→ **WORK TO COMPLETE**: Could you restate word for word only the lines below from the one holding "Graphiteleader tiro prototype" to the one holding "Ww1 Décorations Médailles", inclusive, and leave out the pictures?

→ **GIVEN RECORDS**:
>>>

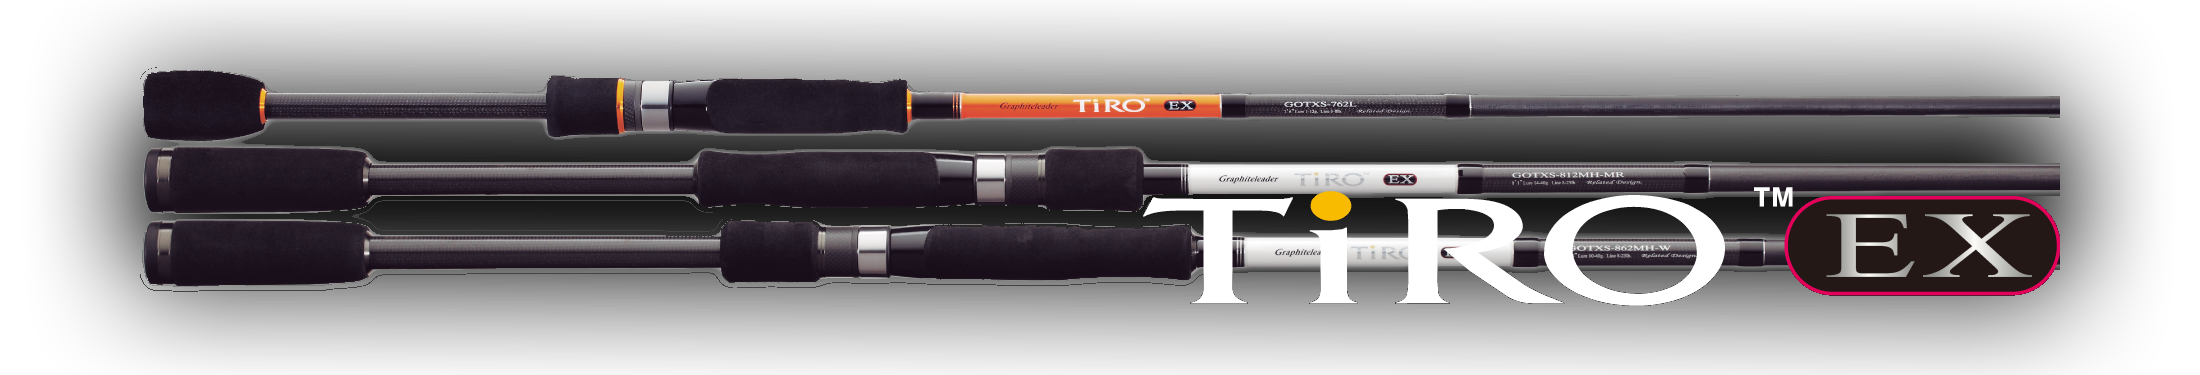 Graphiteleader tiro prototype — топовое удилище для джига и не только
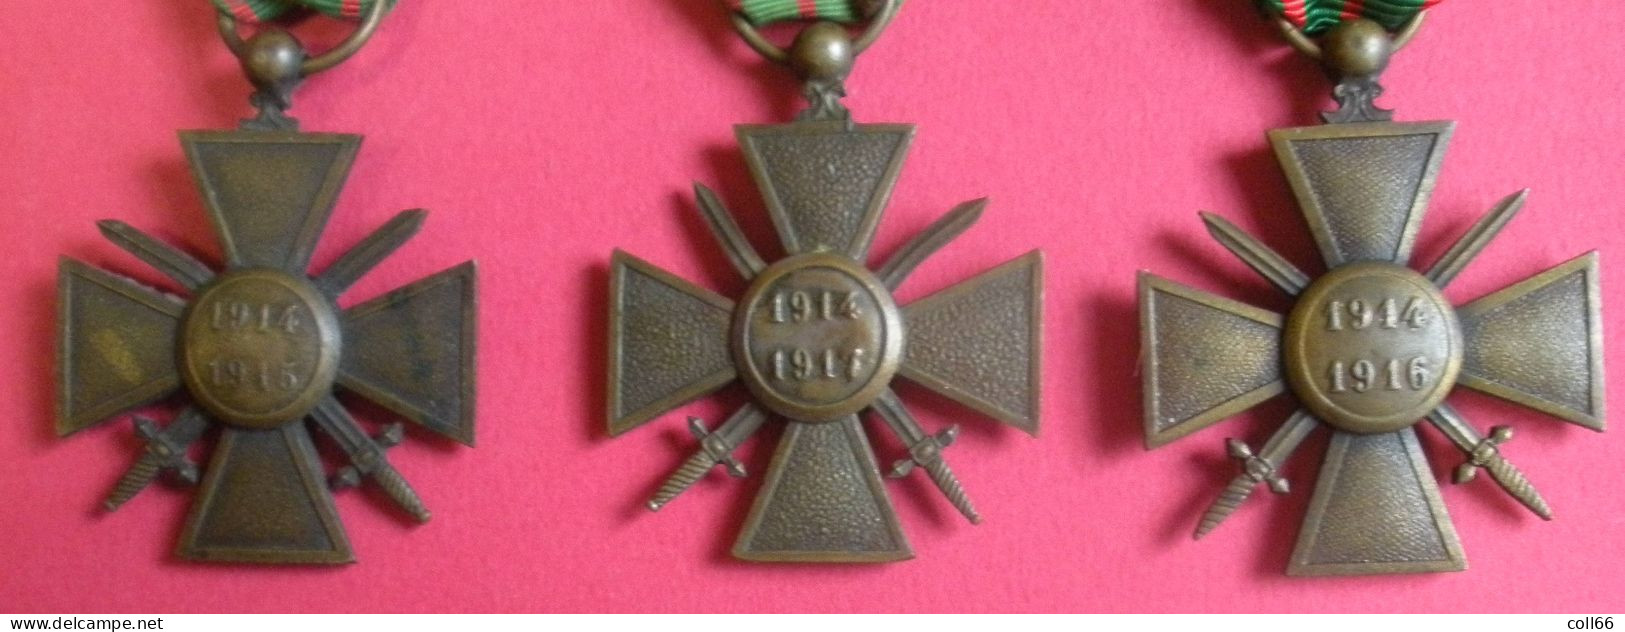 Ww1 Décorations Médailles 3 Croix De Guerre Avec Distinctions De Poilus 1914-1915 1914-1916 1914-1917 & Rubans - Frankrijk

<<<
>>>

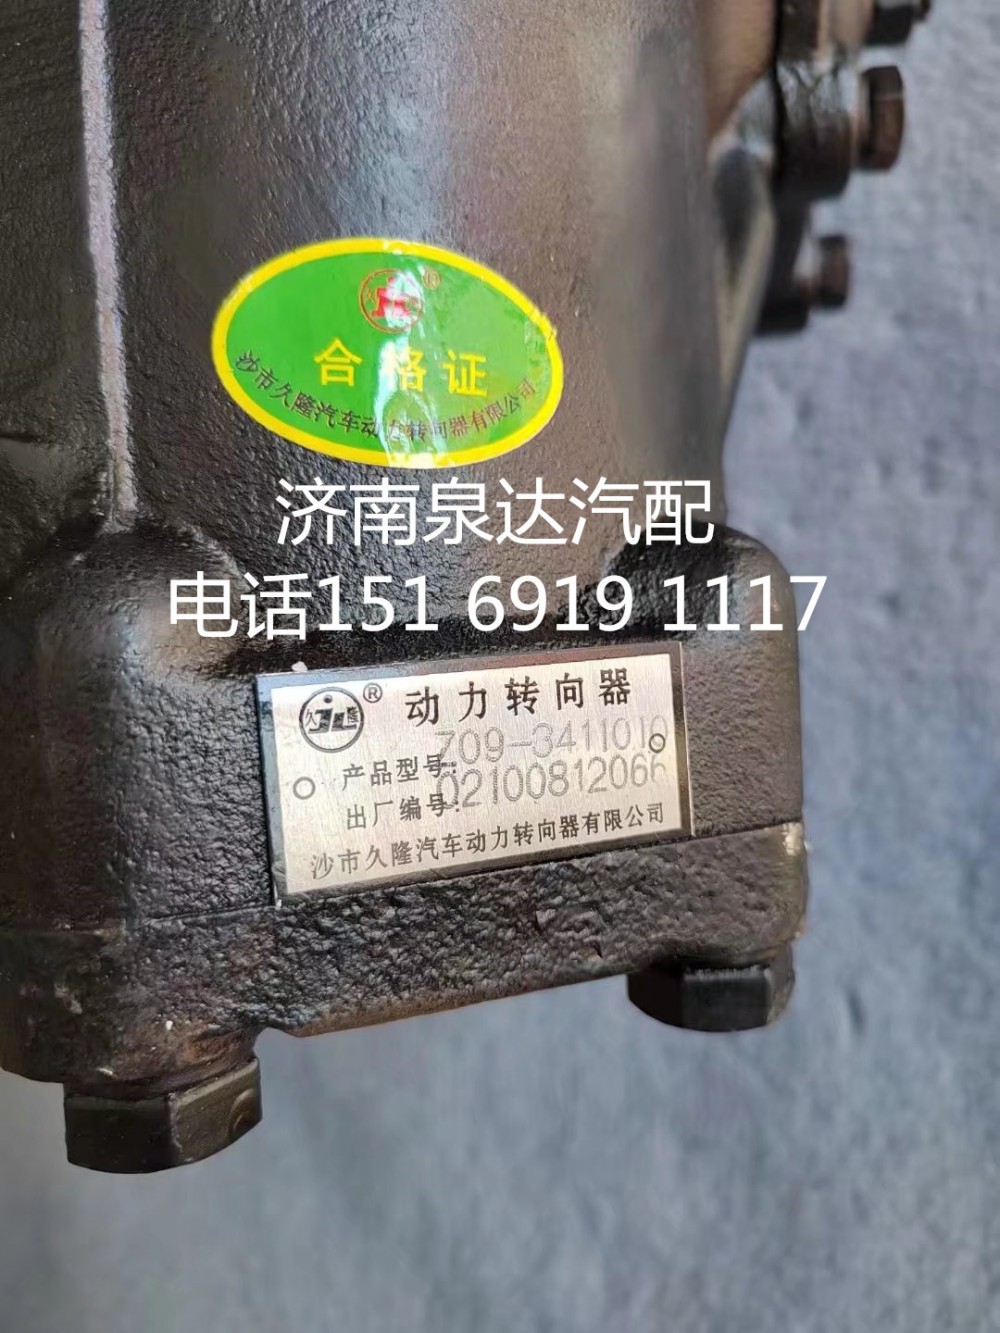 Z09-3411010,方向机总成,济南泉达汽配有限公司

<<<

→ **REPLY**:
 Graphiteleader tiro prototype — топовое удилище для джига и не только
 Ww1 Décorations Médailles 3 Croix De Guerre Avec Distinctions De Poilus 1914-1915 1914-1916 1914-1917 & Rubans - Frankrijk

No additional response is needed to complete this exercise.